# XML Encoder Objekt speichern, obwohl BufferedImage im Objekt



## Masterintenso (11. Dez 2006)

Hi Leute,

ich möchte gerne mit dem XML Encoder mehrere Daten aus Objekten speichern, dass klappt auch alles, nur bei den Objekte, wo neben Integern und Strings noch ein BufferedImage in dem Objekt ist, geht es nicht mehr.

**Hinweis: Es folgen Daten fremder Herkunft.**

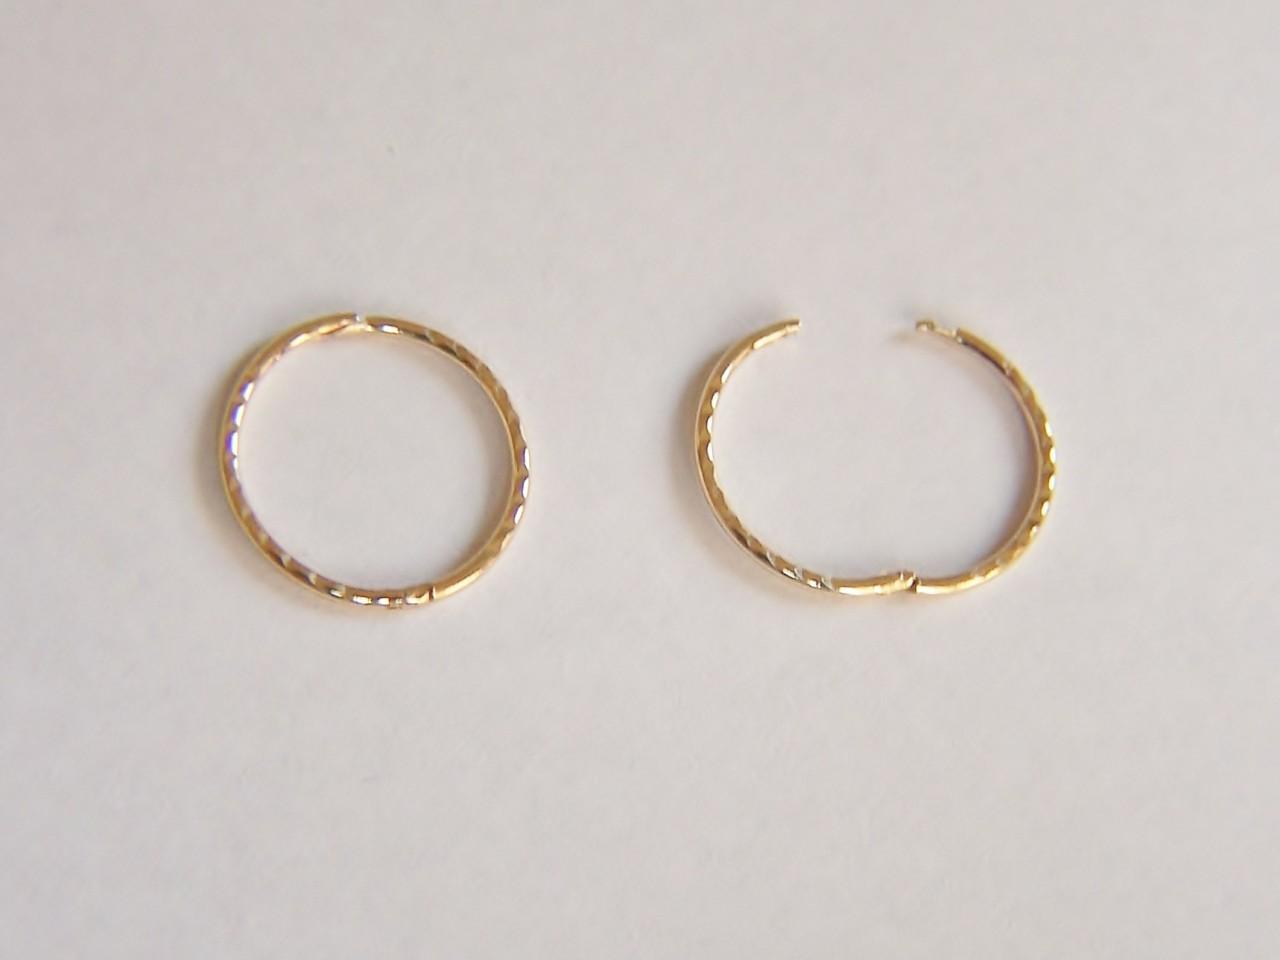 9ct Gold 13mm Small Diamond Cut Hinged Hoop Sleeper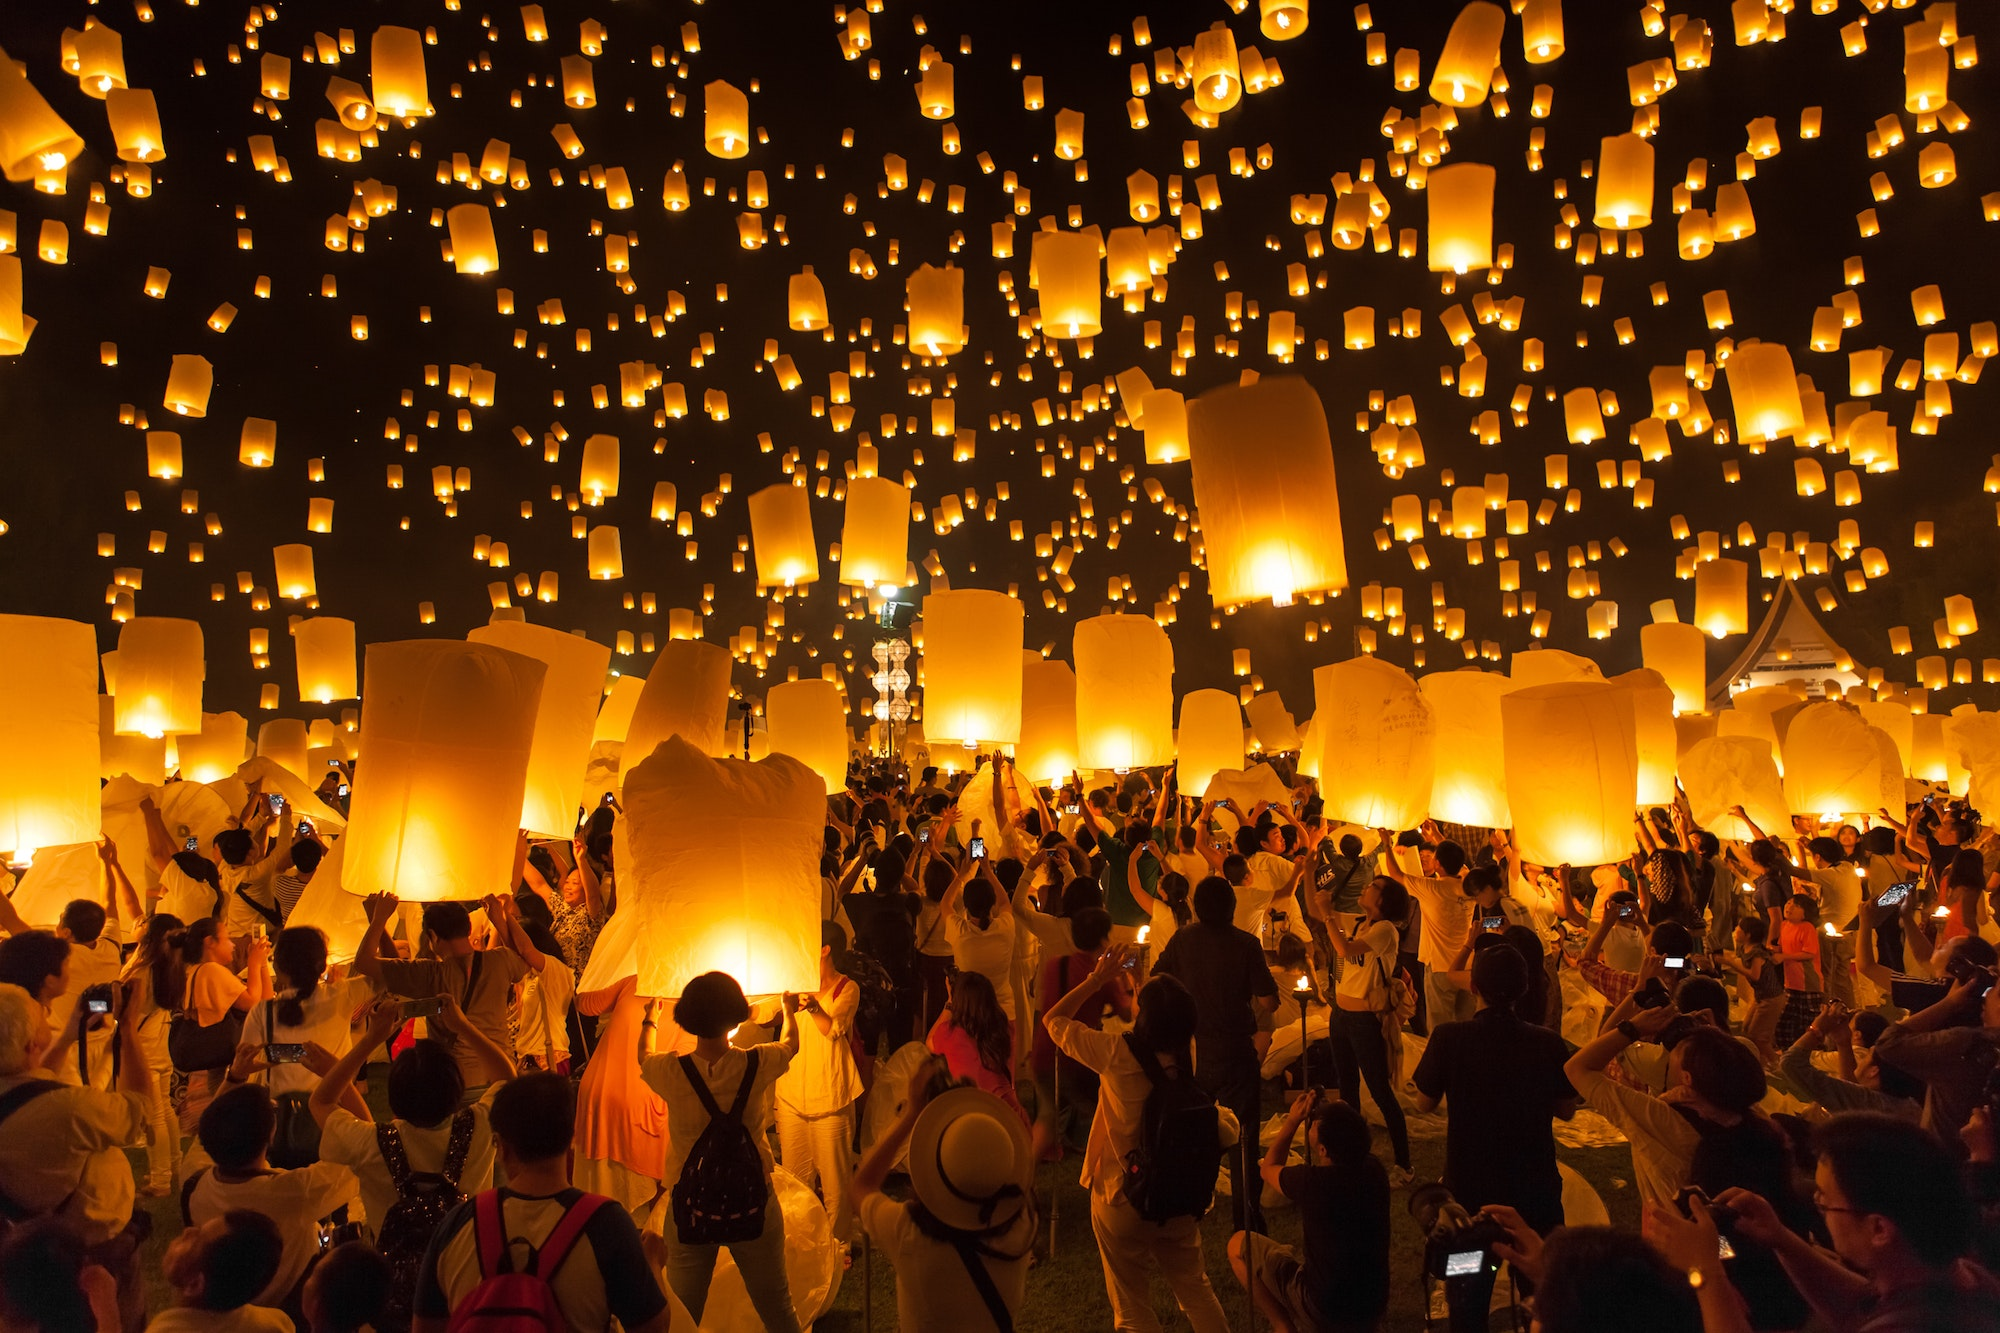 lantern festival - photo #19

Ich erhalte folgende Meldung:
java.lang.InstantiationException: java.awt.image.BufferedImage
Continuing ...
java.lang.RuntimeException: failed to evaluate: <unbound>=Class.new();

Ich habe schon wie mir gesagt wurde folgendes vor die Variablen geschrieben, um das Problem zu umgehen, doch leider hilft das nichts:
protected transient BufferedImage stein;

Ich hoffe ihr könnt mir weiter helfen, wenn Code gebraucht wird kann ich ihn gern nachpasten.

Danke schonmal im Voraus.

Grüße Felix


----------



## Wildcard (11. Dez 2006)

Wie willst du denn ein BufferedImage in XML speichern?  :shock:


----------



## Masterintenso (11. Dez 2006)

Ich will es nicht speichern, ich will verhindern das er das speichert aber den Rest vom Objekt übernimmt.

Das sind meine Exemplarvariablen im Objekt:
protected int x;
protected int y;
protected int width;
protected int height;
protected transient BufferedImage stein; 

Und er soll mir jetzt alles speichern davon außer dieses BufferedImage.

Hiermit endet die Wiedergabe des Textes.